Обычно Боря засыпал на этом месте, но Зумруд всегда читала историю до конца – уже скорее для себя, чем для сына:
– Пока посланец шагал по дороге, члены его тела заспорили между собой о том, какой из них заслуживал почестей за свершение подвига по добыче львиного молока. «Это наша заслуга, – похвалялись ноги, – ибо если бы мы не подошли к логову, молоко не было бы добыто». – «Нет, наша, – возразили руки, – если б мы не подоили львицу, молока бы не было». «А как же мы? – воскликнули глаза. – Не мы ли обнаружили тропу к логову?» – «Вы забыли про меня, – возмутился мозг. – Это мне с самого начала пришла такая блестящая мысль!» Общий шум был прерван языком, который заявил: «Все вы ничто передо мной! Если бы не я, где бы вы были?» Услышав такое, все члены закричали: «Как осмеливаешься ты сравнивать себя с нами? Ты просто мягкий нарост, заточенный в тёмную пещеру!» Оскорбившись, язык ответил: «Подождите, и я покажу всем, кто властелин над вами всеми!» Посланец прибыл ко двору персидского царя, и его спешно подвели к трону. Он хотел было произнести подобающие слова, но язык его вдруг сказал: «При сём я преподношу тебе, о великий, собачье молоко, о котором ты просил!» Царь впал в ярость и приказал немедленно повесить посланца. Когда беднягу вели к виселице, все его члены содрогались. «Теперь вы видите, что я важнее всех вас?» – заявил, торжествуя, язык. «Мы признаём это, – в один голос закричали все члены. – Ты распоряжаешься жизнью и смертью!» Язык был доволен. «Я должен передать царю очень важное сообщение, – воскликнул он, – прошу, на один миг приведите меня обратно к нему!» Стражники услышали его слова и вернули посланца к царю. «За что меня казнят?» – спросил посланец. «Ты принёс мне собачье молоко!» – закричал царь. «Уверяю тебя, – сказал посланец, – что это молоко исцелит тебя. Мои слова были просто оговоркой, ибо на языке моей родины одно и то же слово означает и «собака», и «лев». Царь поверил ему, выпил молоко и излечился. И тогда он помиловал посланца.
Прочитав историю до конца, Зумруд ещё долго сидела в комнате Бори и слушала его дыхание. Оно было спокойное и ровное, и Зумруд нравилось дышать с ним в такт. Это успокаивало и утешало её. Если только Боря сможет обнаружить связь между языком и остальным телом, между языком и мозгом, то он рано или поздно заговорит.
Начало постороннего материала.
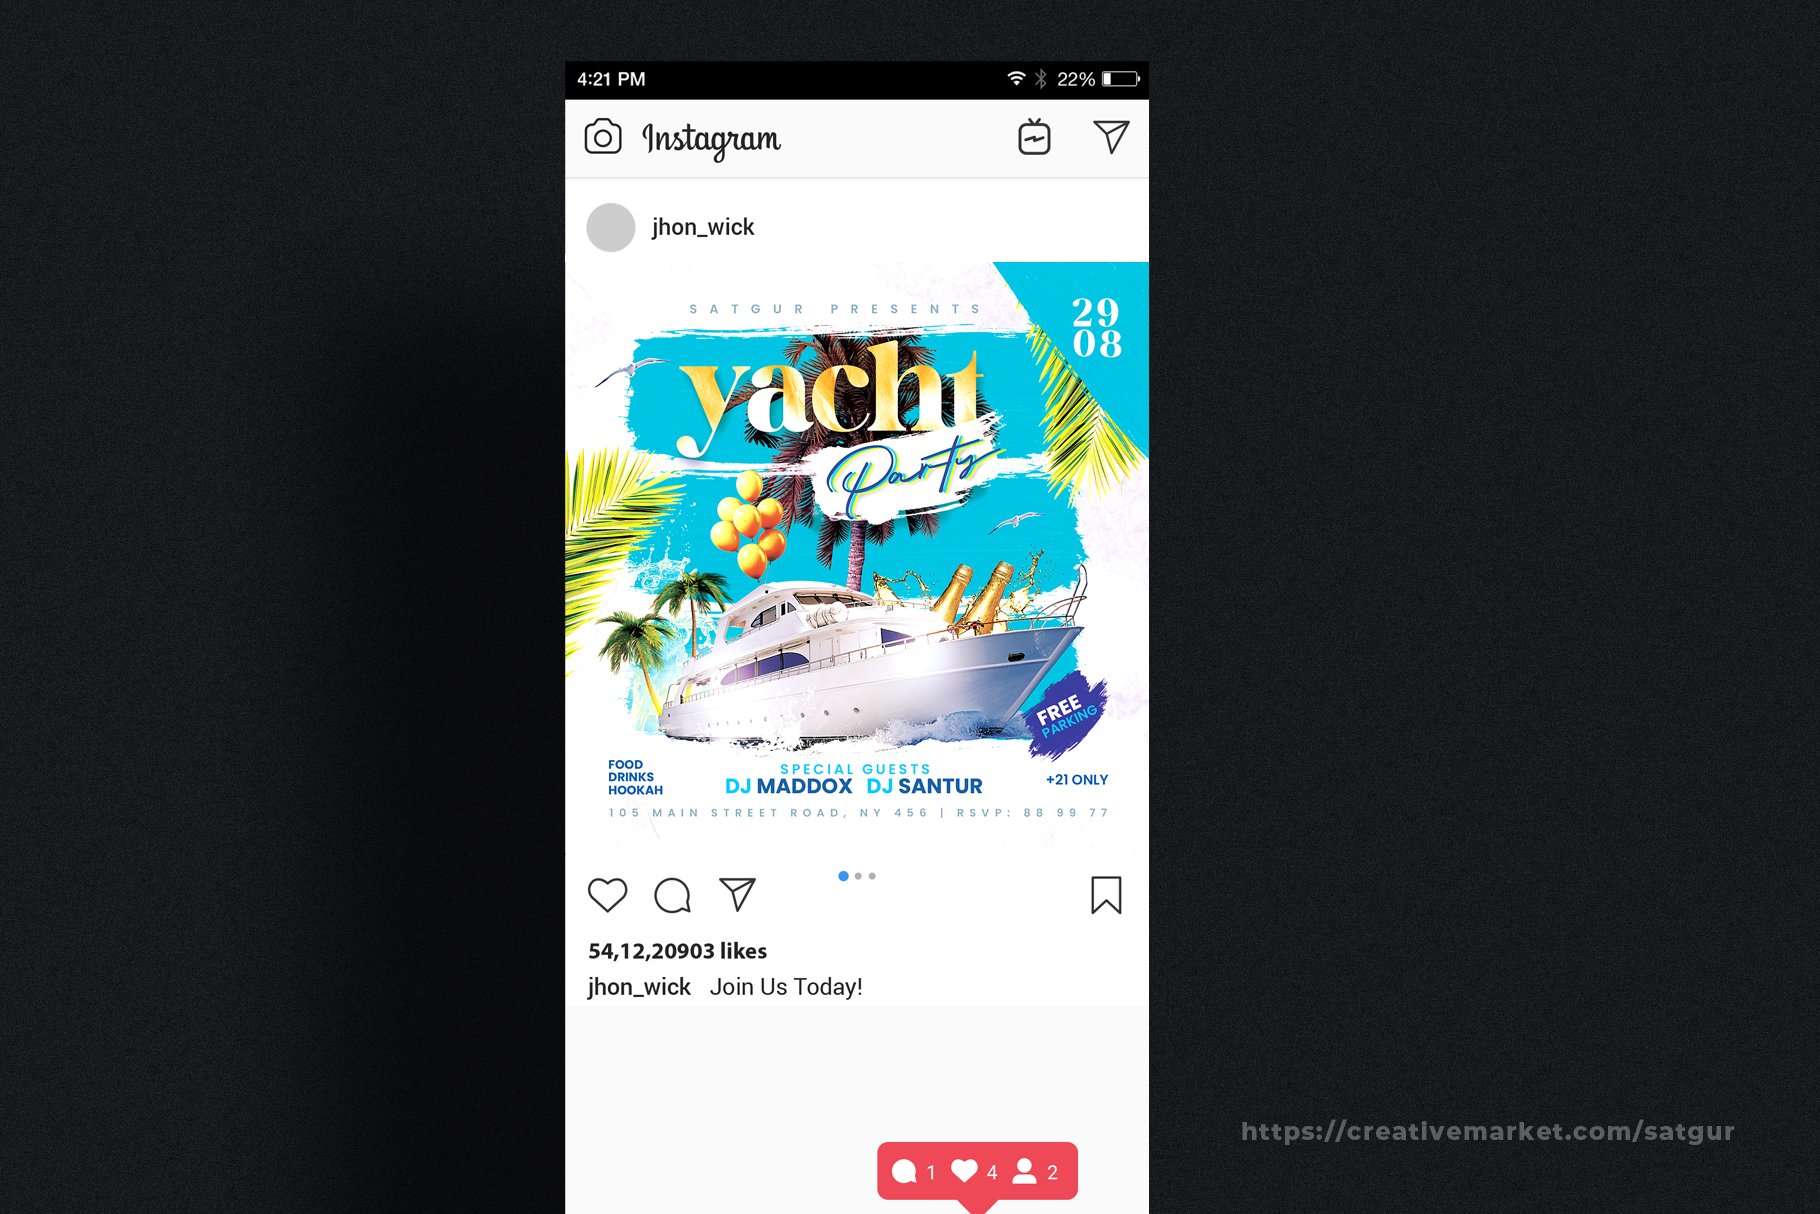 preview yacht party flyer template psd creativemarket 3 129

Рано или поздно. Зумруд верила в это. Очень хотела верить. Она яростно боролась с неверием, жёстко контролируя свои мысли, ловя себя на каждом неправильном слове, каждый раз принося жертву, если чувствовала, что её язык или помыслы были греховными. Она убедила себя, что провинилась перед Ним, раз у её сына было отобрано Слово. Конечно, она могла отправить Борю в школу для глухонемых, его бы там обучили грамоте и жестовому языку, она бы тоже обучилась жестовому языку ради него, но это значит, что он навсегда будет зависим от кого-то, кто также знает этот сложный язык рук, кто способен понять, перевести, посредничать. Нет, не такой судьбы она хотела для него. Она будет биться до последнего, будет цепляться за малейшую надежду, чтобы Боря заговорил. Борина немота стала новым врагом Зумруд, и она готова была бросить на него все силы.
Тем временем открыли границы, и еврейские дома в городе один за другим пустели. Люди бросали всё и убегали от этих бесконечных продовольственных карточек, от баснословных очередей, от невостребованности и ненужности. Зумруд убеждали, что и им надо поехать – хотя бы ради Бори – ведь израильская медицина – одна из лучших в мире, там любой заговорит. Если раньше Зумруд могла закрыть глаза на происходящие в стране изменения, просто выключив телевизор, то теперь она и этого не могла. Достаточно было просто выглянуть за калитку их дома, чтобы заметить перемены. Всё как будто замерло в ожидании. Было очевидно, что страна переживает невиданные до сих пор катаклизмы. Перемены очень пугали Зумруд, и она сутками не выходила на улицу, а когда выходила – возвращалась бледной и осунувшейся, будто за ней всю дорогу бежали вооружённые грабители. В один из таких дней Зумруд и уговорила Захара купить на чёрном рынке пистолет, который мог защитить их семью, если милиции не окажется рядом. Захар удивился, но посчитал желание Зумруд вполне разумным – ведь это он сам рассказал ей, что у Натана было ружьё – и в один из дней пришёл домой с таинственным видом и показал ей завёрнутый в кучу старья чёрный стальной ствол.
Какой будет новая жизнь, не знал никто. Но Захар и Гриша были на коне. Они все чаще ездили в Москву по торговым делам, а когда они возвращались, у них в доме появлялся новый тайник, полный пятидесяти- и сторублевых купюр. Зумруд могла беспрепятственно брать из тайников деньги на лечение Бори, которое требовало все больше и больше вложений. Болезнь Бори была её главной тревогой. Порой Зумруд часами не могла уснуть и долго ворочалась, проигрывая разные сценарии борьбы с ней, все больше тревожные, и когда наконец засыпала, уже начинали петь петухи и лаять собаки из соседних дворов.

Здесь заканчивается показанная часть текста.